A significant difference with sustainability is that the nature of the information it needs to work with is still an emerging factor. With something as obvious as CO2 production, different businesses or processes within an organization could use various: units to record that data; ways of describing how that data was recorded and with what level of confidence; definitions for what constitutes direct or indirect emissions; and field names and file formats for storing and sharing that data in. All of this makes a broad, accurate view of a given organization’s footprint very difficult to attain, and the problem is multiplied when we add other greenhouse gases like CH4 and
NO2 alongside impacts like water and land consumption. The role of the Open Footprint Forum, a forum of The Open Group, is solving this challenge, making a holistic, Enterprise Architecturebased approach to sustainability possible. The prospect of gathering emissions data for scopes 1, 2, and 3 reporting is daunting in the context of typical value chains found in businesses, and the outputs and standards coming from the forum will greatly ease these issues.

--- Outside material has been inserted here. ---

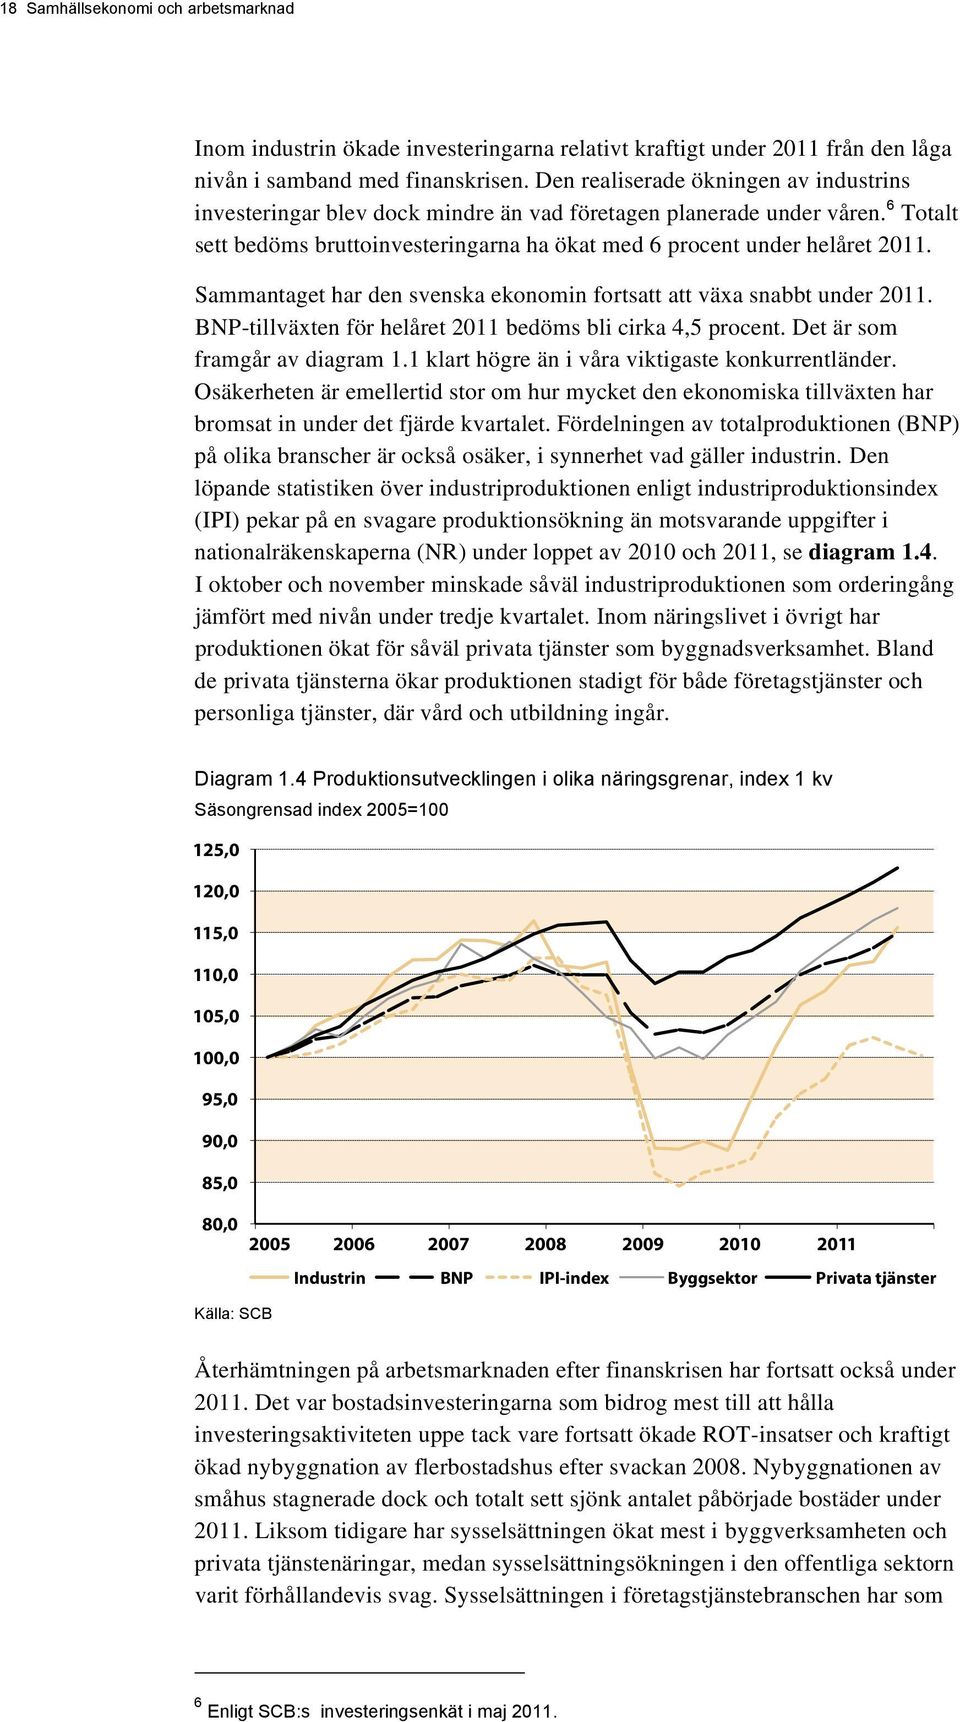 Sammantaget har den svenska ekonomin fortsatt att växa snabbt under 2011. BNP-tillväxten för helåret 2011 bedöms bli cirka 4,5 procent. Det är som framgår av diagram 1.

The Open Footprint Forum will allow organizations to move at speed to develop applications which make effective usage of their sustainability data through its reference architecture and help to deliver interoperability across the emissions ecosystem. The Forum, comprising a range of corporate and academic contributors, is developing a set of standards which is usable across all industries, with unified data and metadata definitions as well as open source data tools and reference APIs to ensure a common approach to working with those definitions.
Ea At The Center
One thing we know, from years of incubating standards development processes, is that cultural norms and usage is just as important as technical design when it comes to effectiveness.
We found recently in hosting business scenario sessions in Edinburgh and São Paulo that issues around operating models, such as supply chain integration and stakeholder incentivization, are just as important of a concern as data issues like validating and exchanging information.
We learnt here that as we progress towards a standard for sustainability data that every industry can hold in common, we will need to increase our understanding of the organizational complexities around using it. It is now the prime opportunity for Enterprise Architecture to start building and sharing the systems and processes which can put sustainability right at the center of effective decision making.